Civil society starts a discussion about the transit of power; parties get ready for a new political campaign
A bill by outgoing MP Kanapatskaya on guarantees to the president after the resignation has caused an ambiguous reaction in social media. Some parties, organizers of party observation (BSDP (Hramada)), have gotten tough on the authorities, others (Tell The Truth, BPF) aim to continue to engage in a dialogue with the authorities on matters of their interest. The Right Centrists begin nominating delegates for participation in the primaries.
Outgoing MP Kanapatskaya has submitted a bill to parliament envisaging guarantees to the president and his family members after the resignation. Apparently, Kanapatskaya seeks to represent interests of those among civil society and the opposition who aim to develop a dialogue with the authorities and aspire for gradual socio-economic and political reforms. Her bill has actualized the discussion in society about possible options for the transit of power and willingness to compromise with the current leadership.
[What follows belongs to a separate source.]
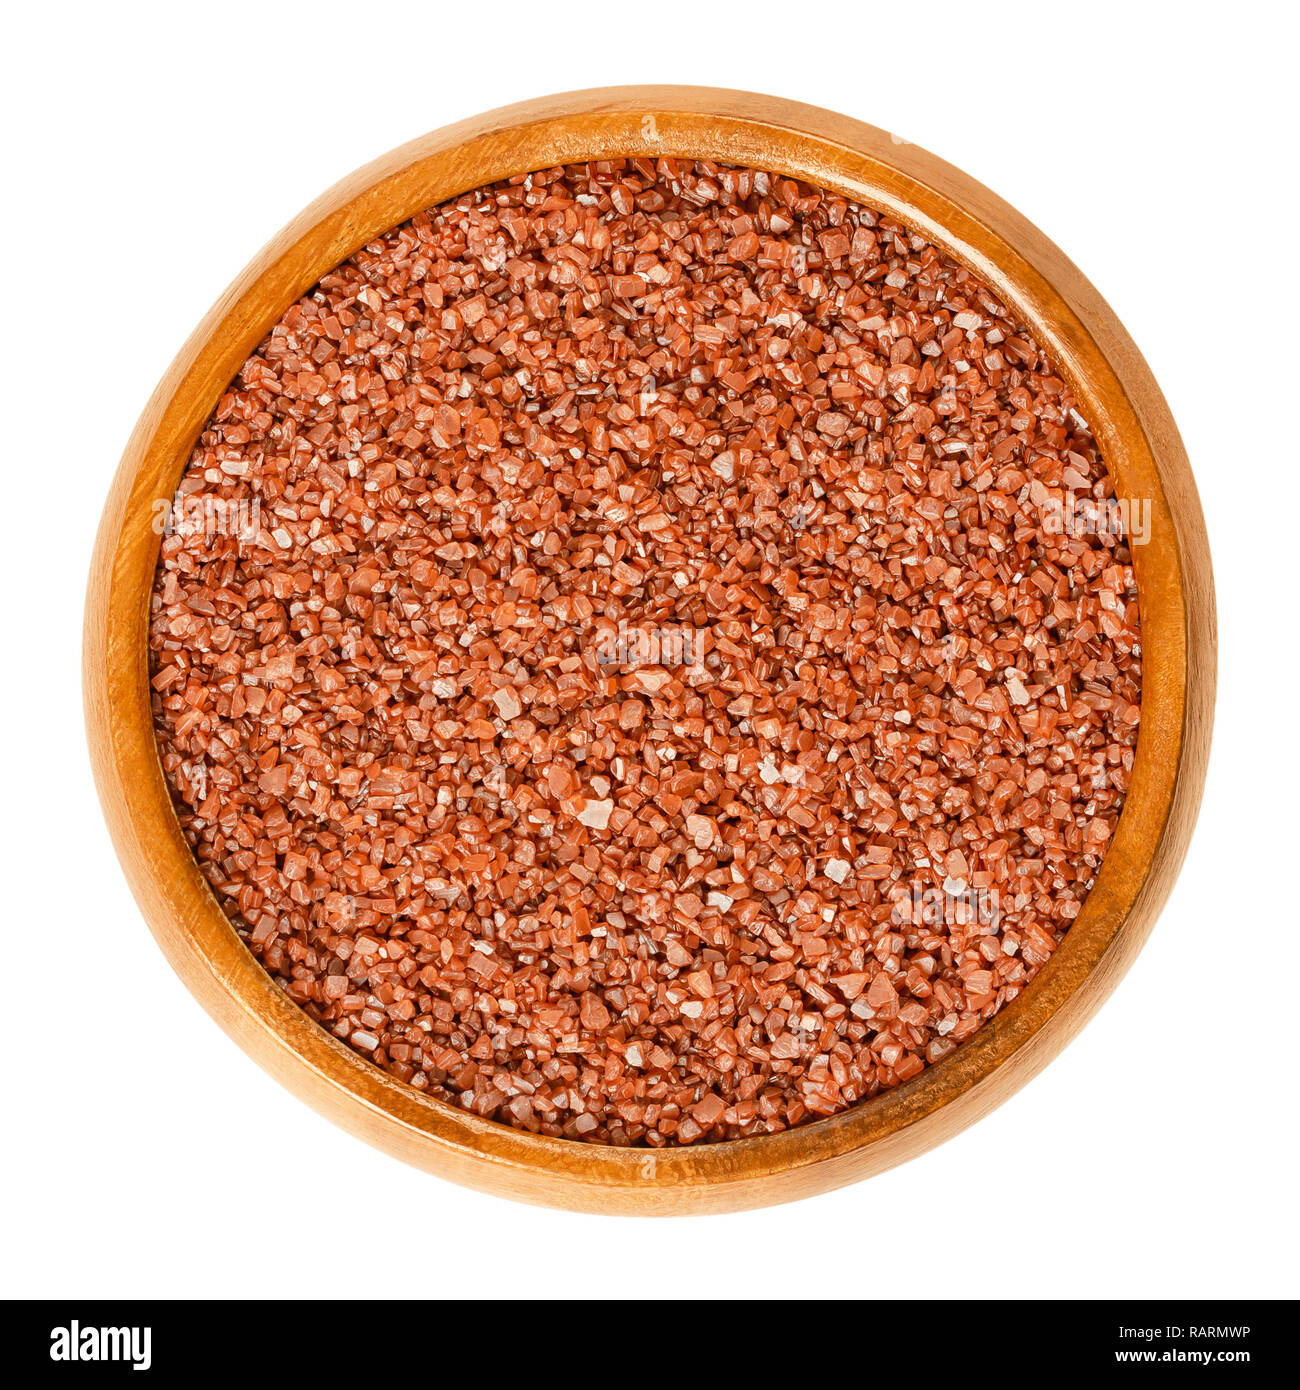 Hawaiian sal del mar rojo en el tazón de madera. Alaea sal, cereales no refinados, ricos en óxido de hierro mezclado con barro volcánico. Característico color rojo ladrillo. Foto de stock

That said, a significant part of civil society and the opposition has harshly criticized the bill and manifested their non-compromising attitude.
After the parliamentary elections, some opposition parties have enhanced their criticism of the authorities for the refusal to continue the experiment with alternative MPs in parliament and deteriorated campaigning conditions. They asked Foreign Ministers of Finland and Sweden not to grant visas to members of election commissions in three constituencies.
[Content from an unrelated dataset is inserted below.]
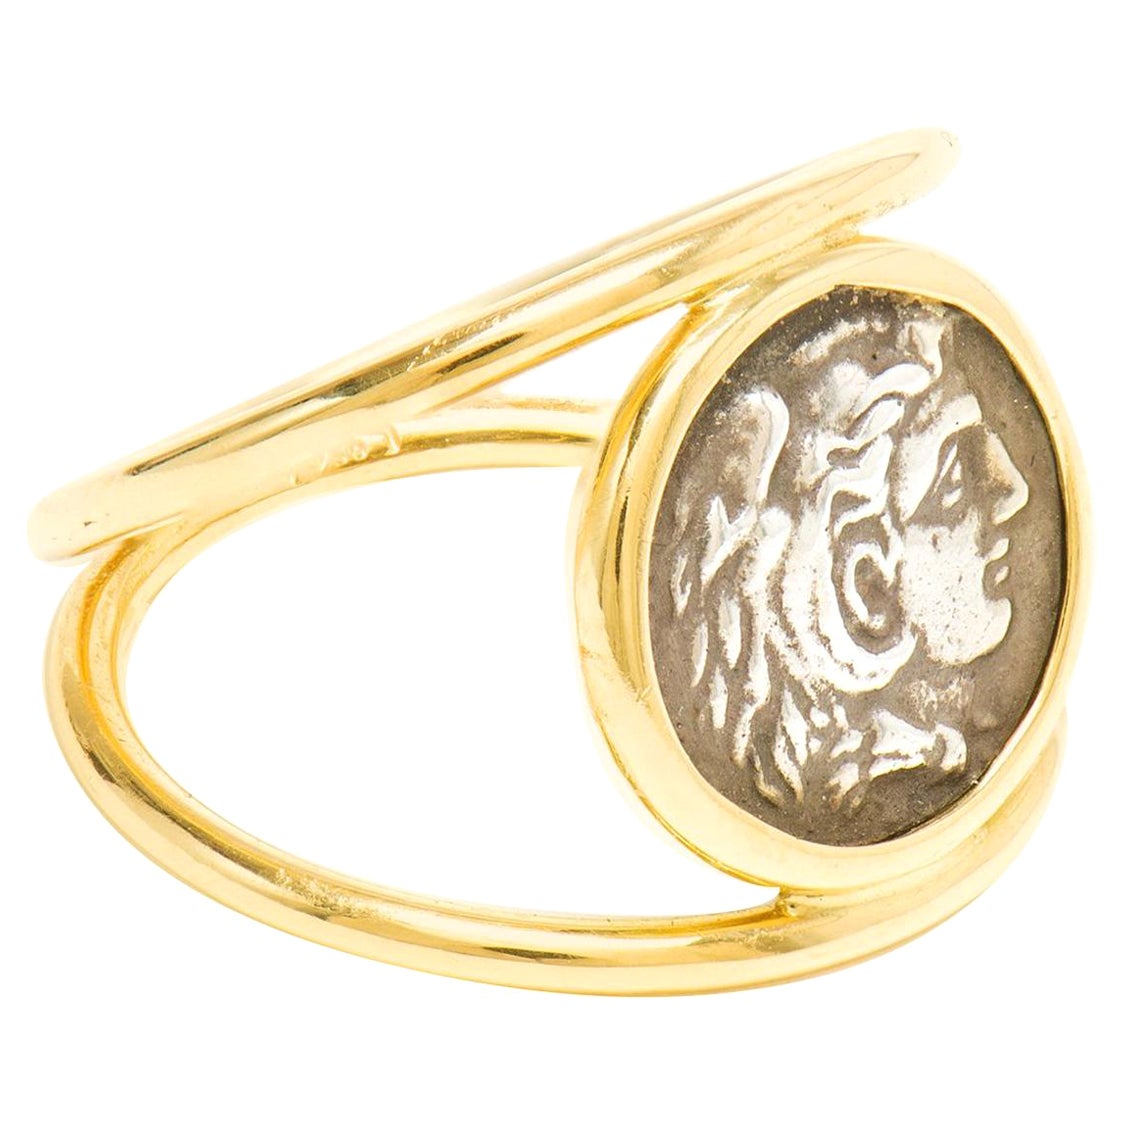 Dubini Alexander der Große Silbermünze 18K Gelbgold Siegelring

Meanwhile, the Belarusian Popular Front and some national-cultural initiatives aspired to continue dialogue with the authorities on strengthening national identity.
Belarusian society appears to be further willing to donate for national-cultural projects. The Belarusian public committee has raised significant funds to cover the costs associated with the reburial of rebels in the 1963 uprising.
The Fresh Breeze initiative has been mobilizing supporters of independence and is seizing the initiative from parties after the elections and before the envisaged signing of an integration package by Minsk and Moscow on December 8th, 2019.
Immediately after the elections, Tell The Truth held several open forums: on regional development in Hrodna, protecting the rights of patients in Minsk and a large-scale Forum of new people in Minsk, uniting and promoting the interests of those, who are not represented in parliament but ready to unite and stand up for their rights. Tell The Truth leader has handed over to Belarusian Foreign Minister a petition for Belarus joining the European Charter of Self-Government.
Right-centrists begin preparations for primaries and have started nominating candidates for the primary elections. For instance, the Belarusian Christian Democracy aims to nominate its co-chair Sevyarynets.
Overall, immediately after the parliamentary elections, political organisations started preparations for the presidential elections, including internal coalition negotiations, recruitment of activists and mobilization for post-election events.